Robot 'learns to keep going with broken leg'
- Published
Engineers have taken a step towards having machines that can operate when damaged by developing a robot that can teach itself to walk, even with a broken leg.
Using "intelligent trial and error", their six-legged robot learned how to walk again in less than 2 minutes, external.
"This new technique will enable more robust, effective, autonomous robots," the engineers behind the robot said.
They said the aim was to mimic the behaviour of injured animals.
The trial-and-error methodology could have ramifications for robots used in the workplace and for military purposes. A robot that can keep attacking - no matter how damaged - brings to mind the relentless android from the Terminator films.
According to one expert, adaptive robotics is the cutting edge of the field. Most robots currently sit in factories and perform very specific functions. Scientists want to get robots to understand new and changing situations.
"The real challenge we are pursuing in robotics is robots that can adapt to uncertain and unstructured environments," Dr Fumiya Iida, of the Machine Intelligence Laboratory at the University of Cambridge, told the BBC.
The scientists - Antoine Cully and and Jean-Baptiste Mouret, external of the Sorbonne in Paris and Jeff Clune of the University of Wyoming - published a research paper, external on their robot on Arxiv, a platform to release early versions of academic research that is overseen by Cornell University's library.
Locomotion 'a challenge'
"When animals lose a limb, they learn to hobble remarkably quickly," Arxiv said in a blog post on the research, external. "And yet when robots damage a leg, they become completely incapacitated."
The scientists' robot has solved this by trying to mimic animals - by discovering which leg is broken and then then using trial and error to figure out the best way to continue walking.
"Locomotion is a major challenge," Dr Iida said. "It's an issue of energy efficiency. Robots are unusually very inefficient compared to animals."

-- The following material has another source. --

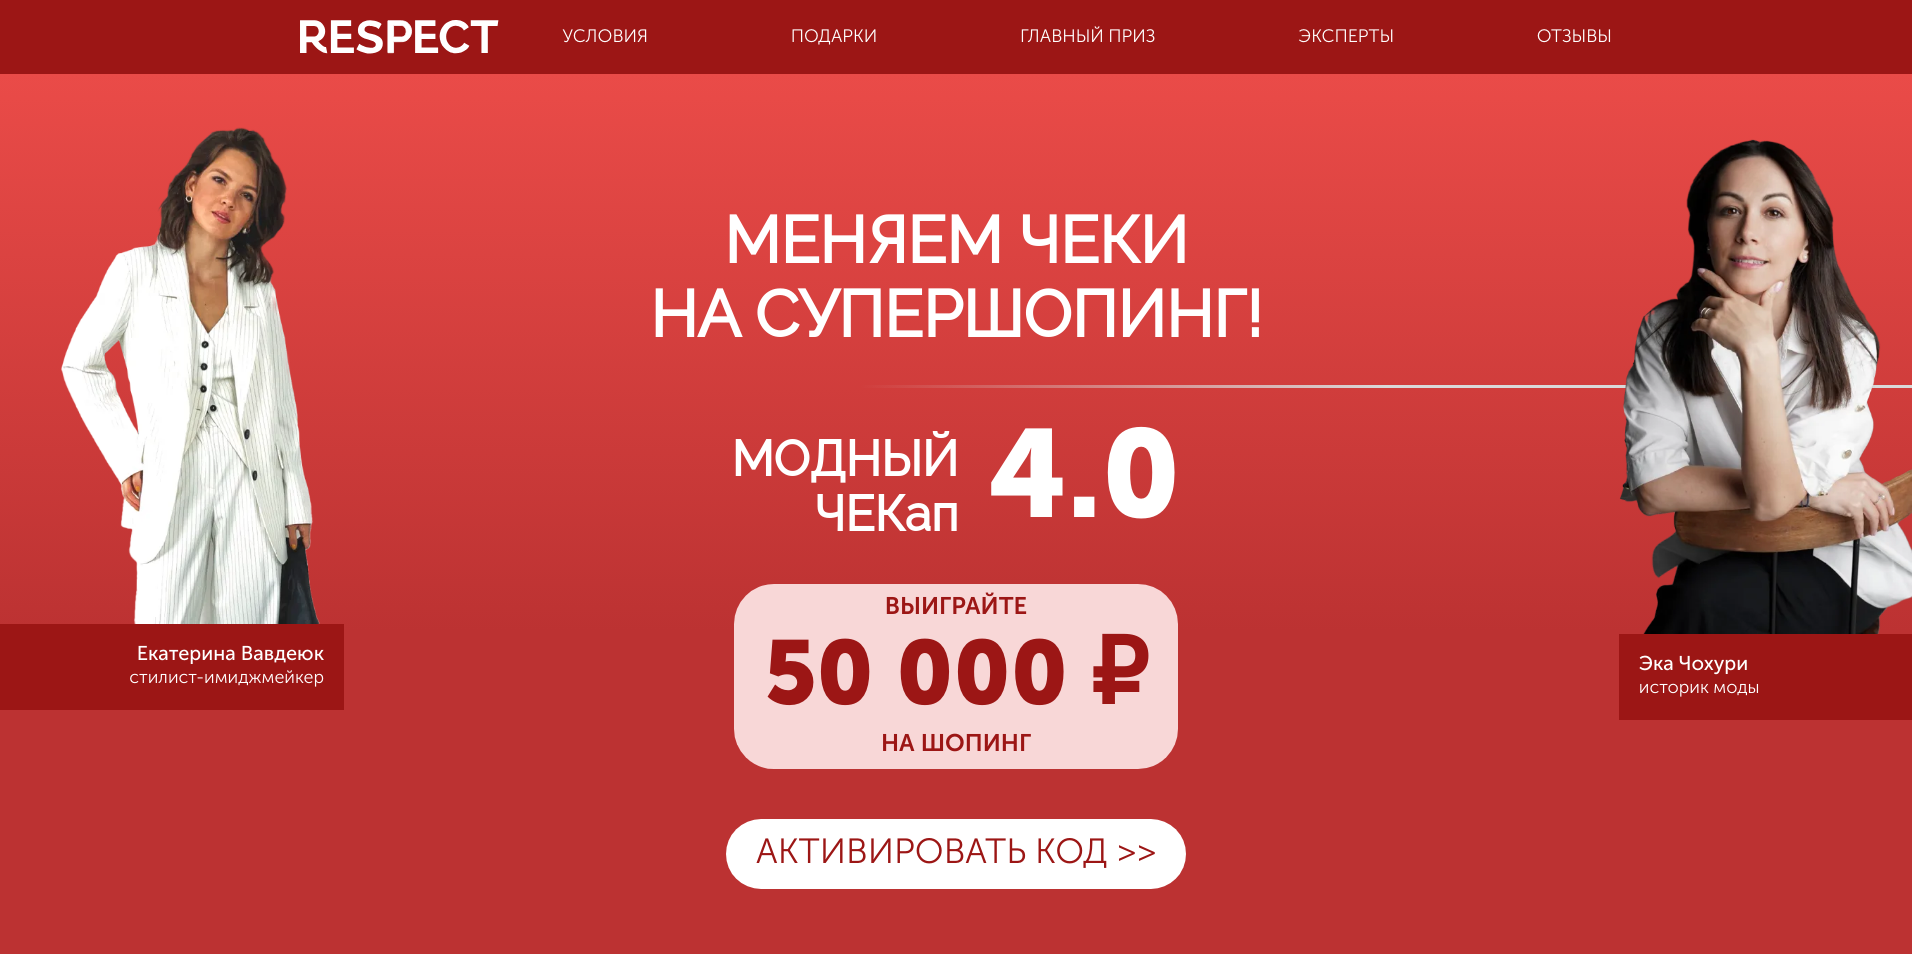 Миниатюра акции «МОДНЫЙ ЧЕКап 4.0»

Other companies are also trying to mimic animals, such as Boston Dynamics, which is now owned by Google. It makes a variety of robots, including the internet sensation Big Dog, external, which can attain locomotion on a variety of different and difficult terrains.
Big Dog was funded by the US Defense Advanced Research Projects Agency (Darpa) and Boston Dynamics contracts for the US military - which is an area where the trial-and-error algorithms could be applied, especially to machines injured in warfare.

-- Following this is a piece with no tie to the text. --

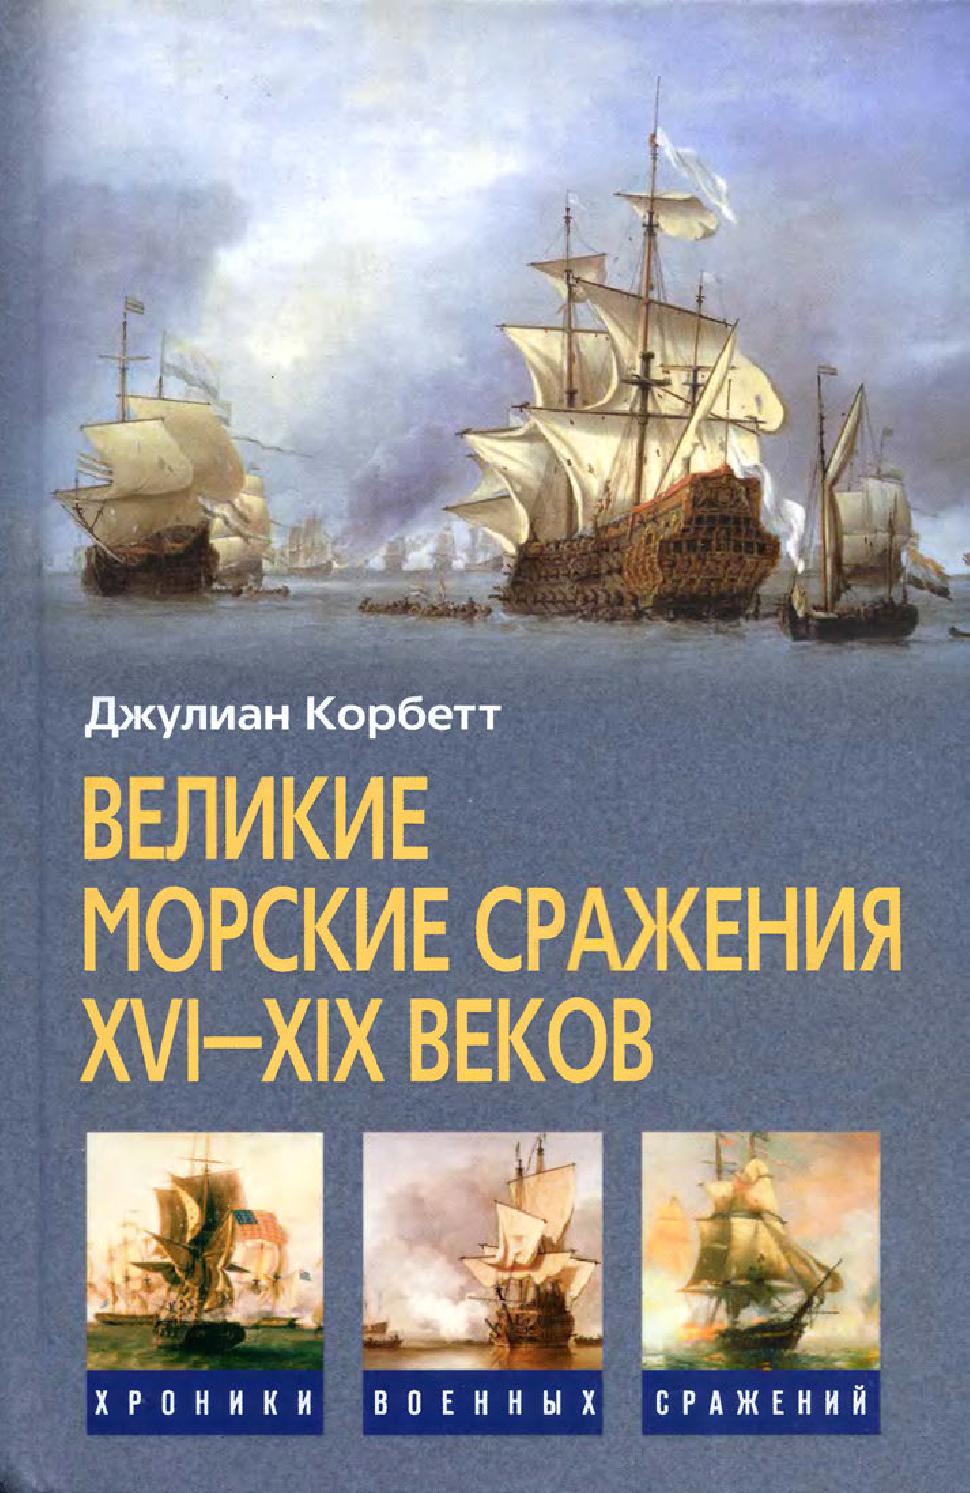 Великие морские сражения XVI—XIX веков, 2009, Джулиан Корбетт

But Dr Iida said that military use was only one aspect of better adaptive robots.
"There are lots of applications beyond the military," he said. "You can think of robots in extreme environments, so not only in warfare, but in space such as robots on the Moon and Mars, and in nuclear power plants. Think of Fukushima, for example, where humans can't go."
While these engineers are focused on self-learning robots, others are developing robots and materials that can "heal themselves" when they are damaged.
BAE Systems said recently that in the future, it could build drones that contained a lightweight fluid that would allow jets to heal themselves, external from damage sustained in flight, as well as on-board 3D printers that can make new parts, while a new plastic that can fix itself has been developed by engineers at the University of Illinois.